• **Task description**: A faithful copy of the data below is required, leaving out every picture.

• **Information supplied**:
★ ★ ★ ★
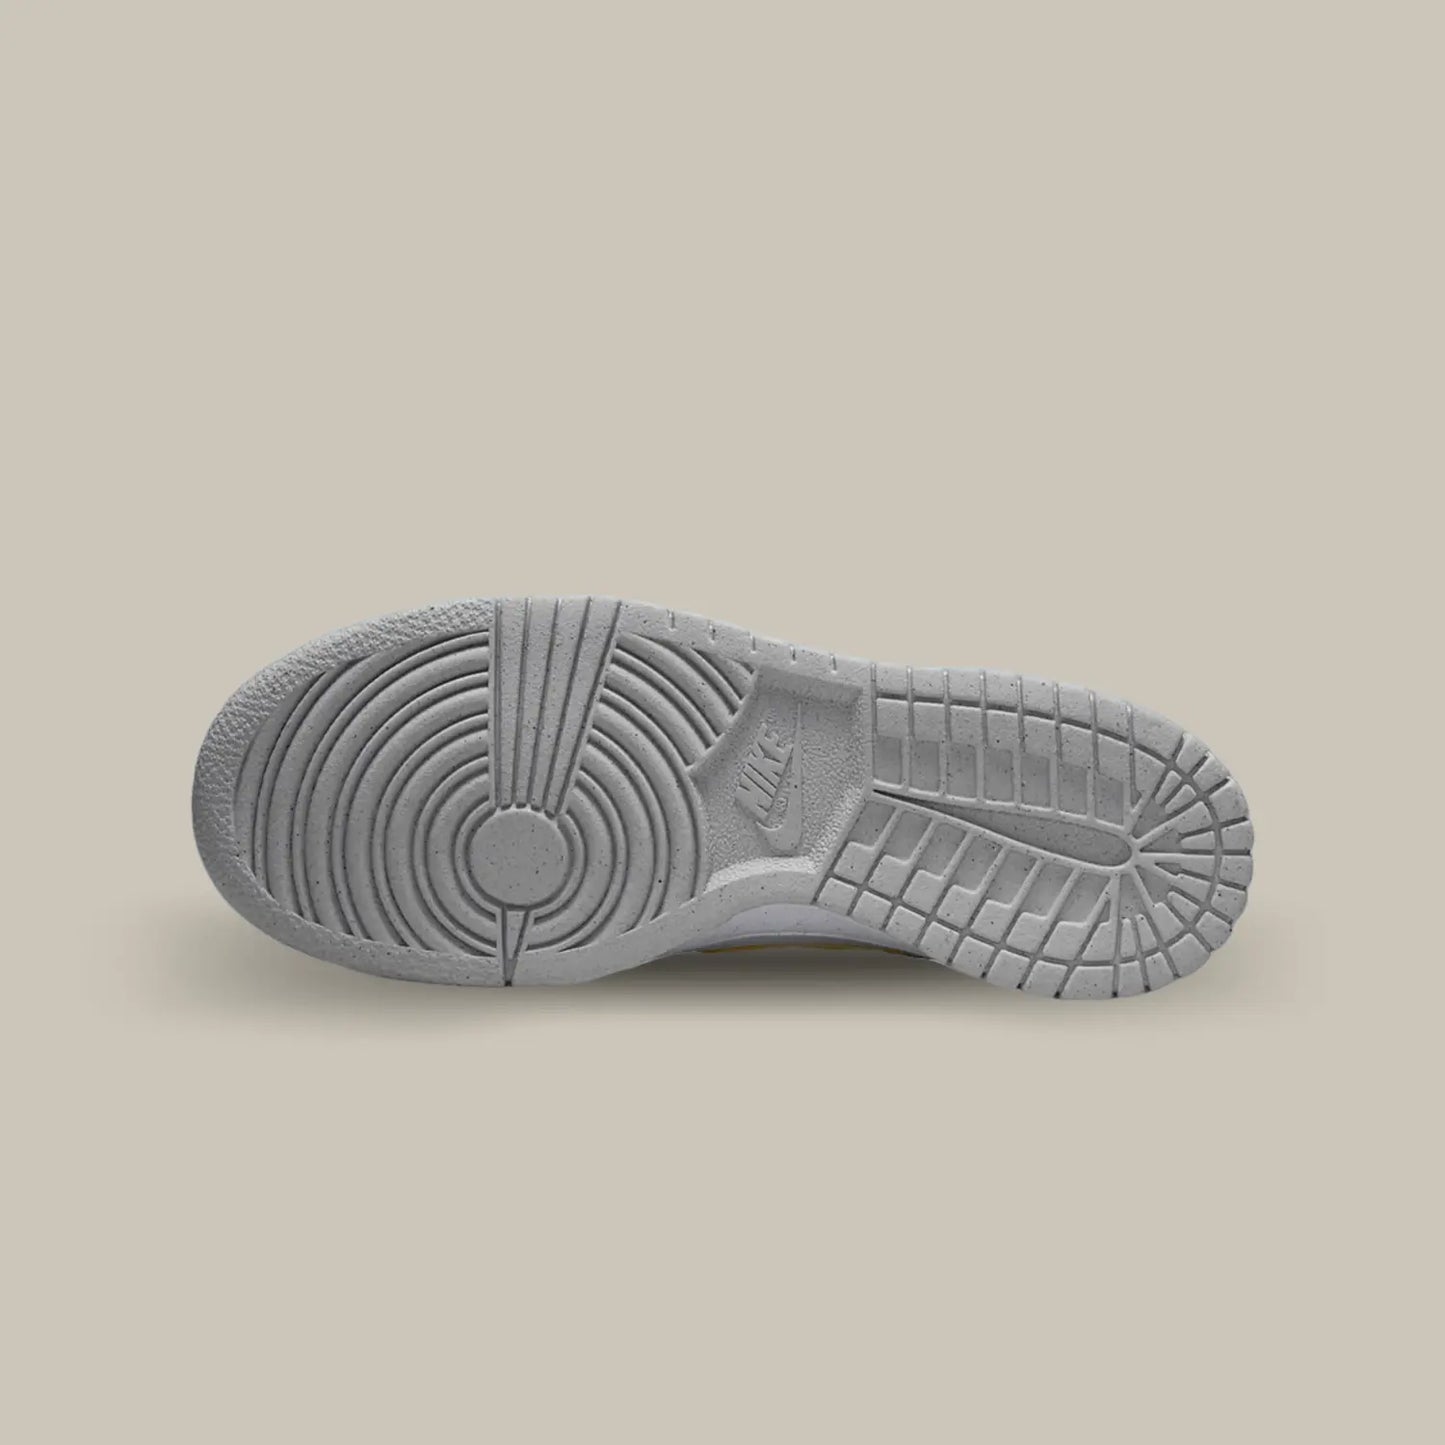 La semelle de la Nike Dunk Low Homer Simpson de couleur grise.
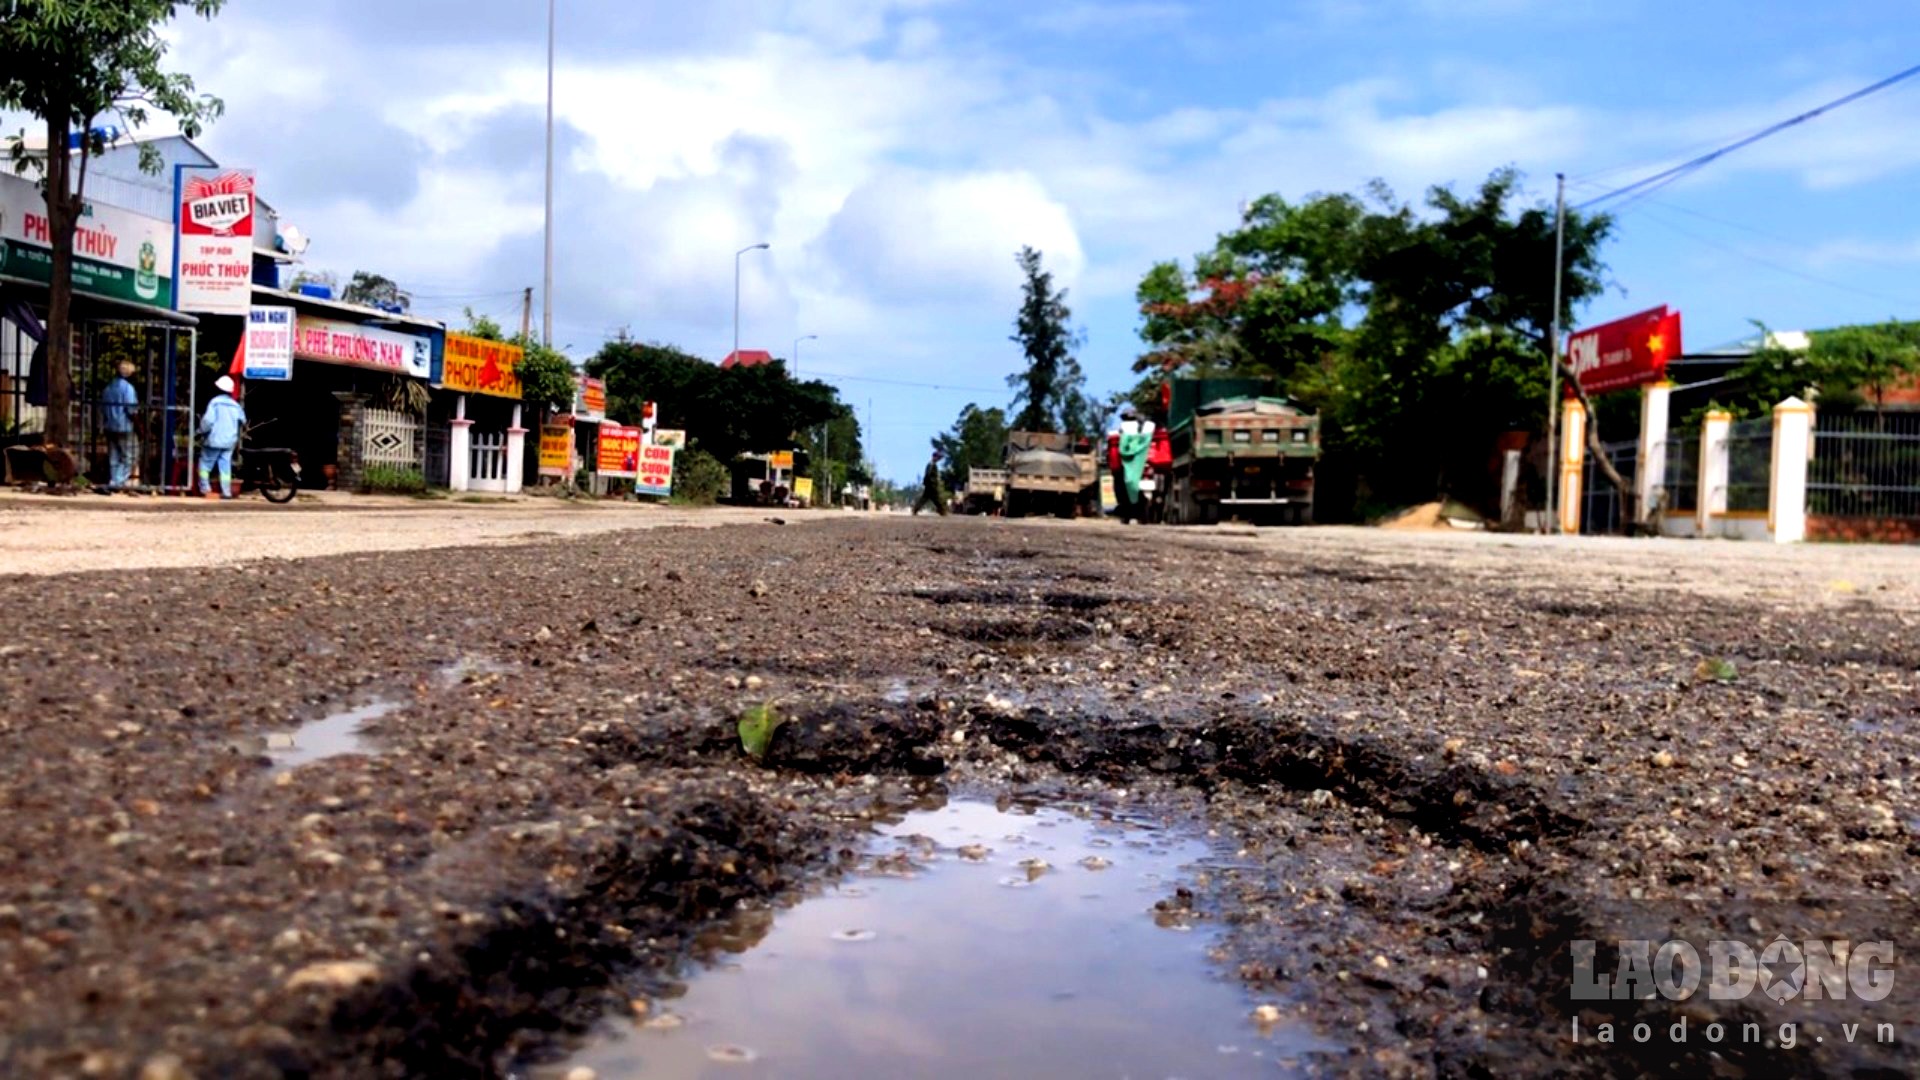 Đường xá trên tuyến Quốc lộ 24C đoạn qua huyện Bình Sơn ngày càng xuống cấp vì phải liên tục “gánh” những đoàn xe tải hạng nặng hoạt động quanh năm suốt tháng. Ảnh: Ngọc Viên
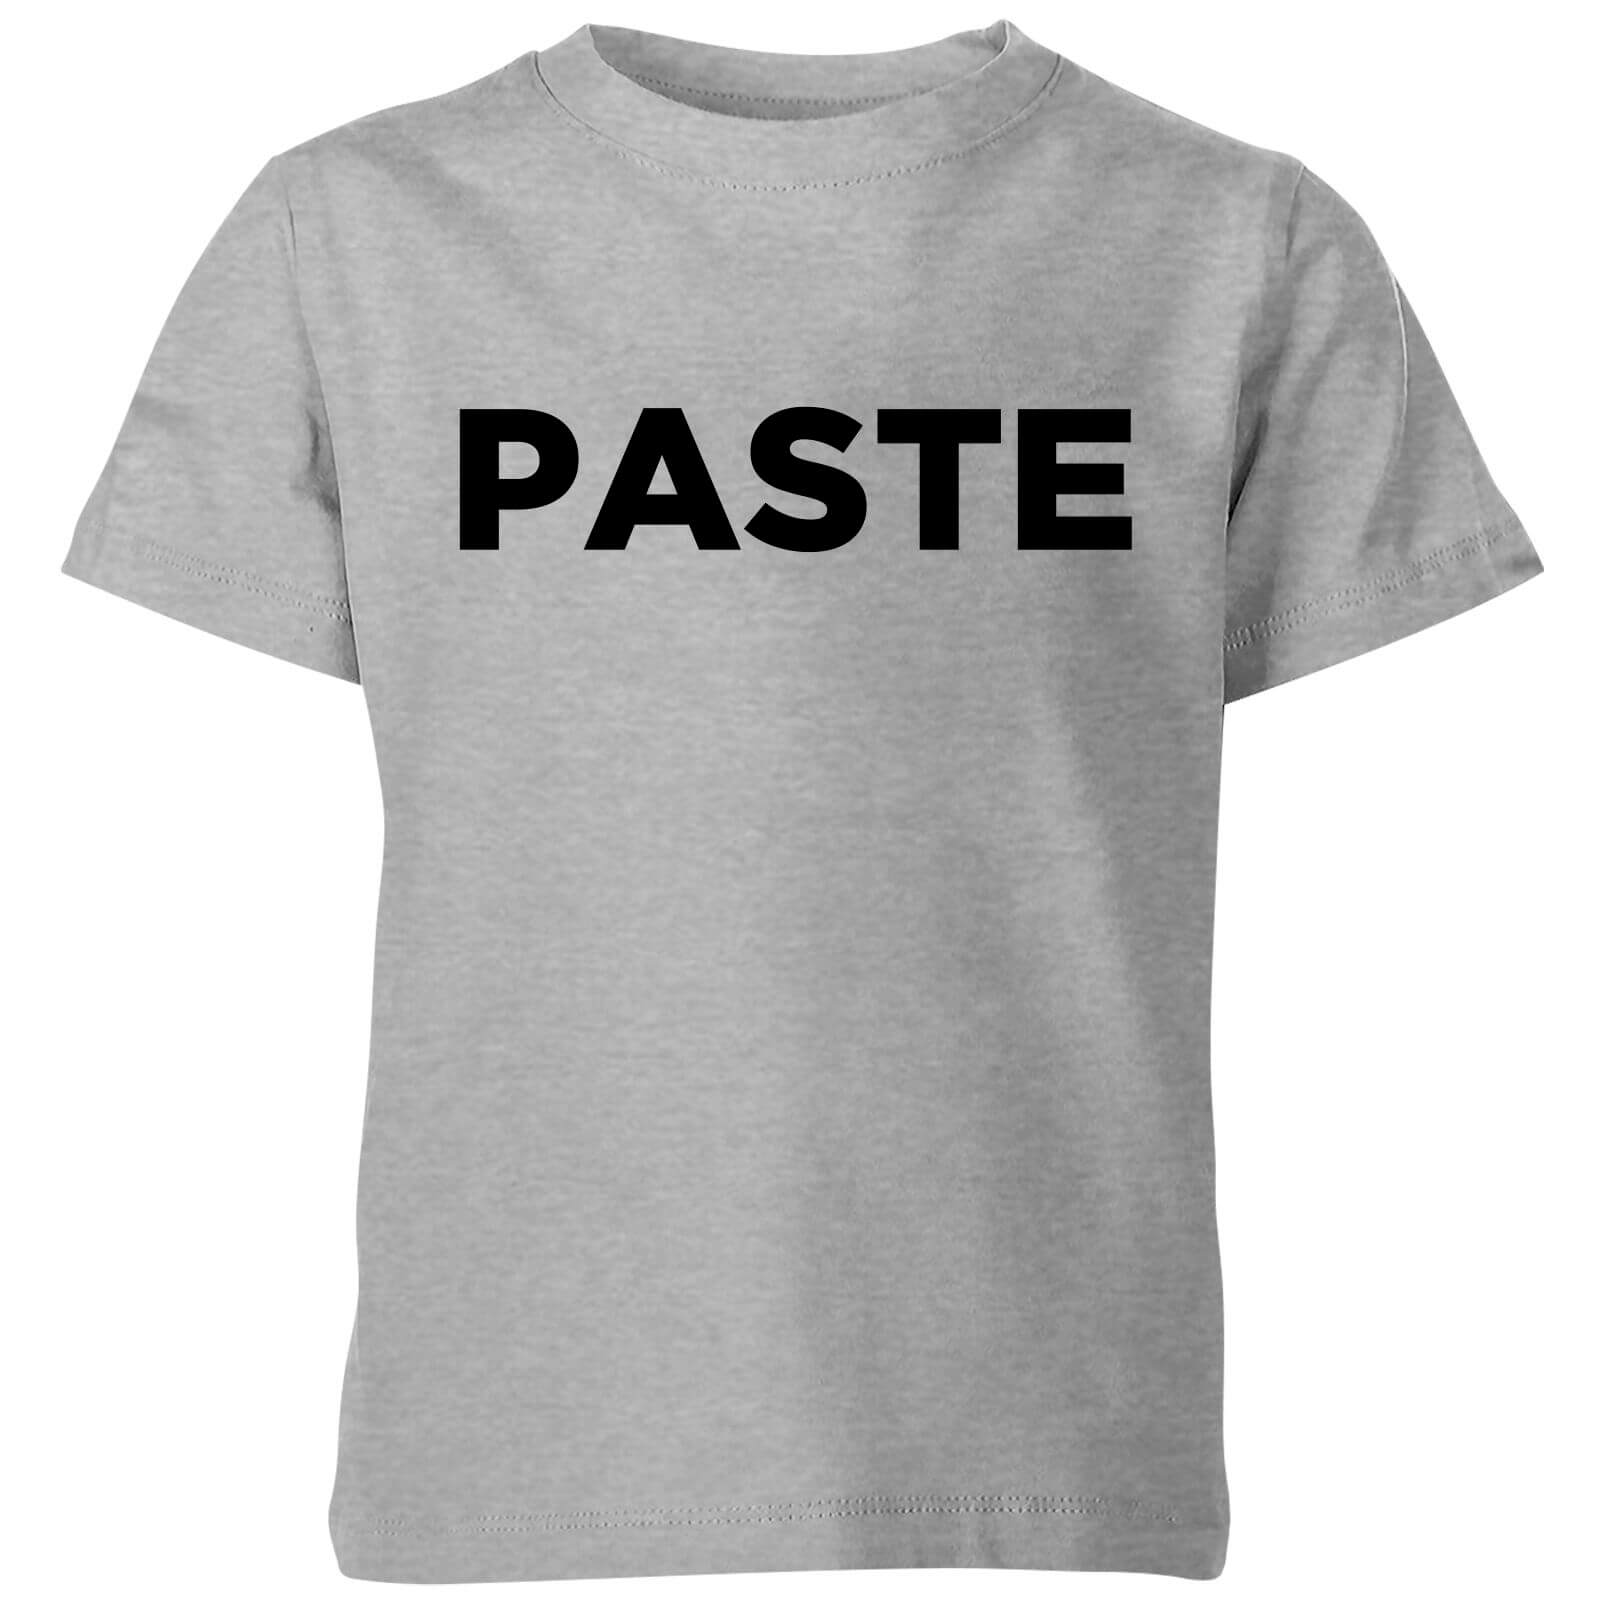 Paste Kids' T-Shirt - Grey - 3-4 Years - Grey
★ ★ ★ ★
• **Written solution**:
 La semelle de la Nike Dunk Low Homer Simpson de couleur grise.
 Đường xá trên tuyến Quốc lộ 24C đoạn qua huyện Bình Sơn ngày càng xuống cấp vì phải liên tục “gánh” những đoàn xe tải hạng nặng hoạt động quanh năm suốt tháng. Ảnh: Ngọc Viên
 Paste Kids' T-Shirt - Grey - 3-4 Years - Grey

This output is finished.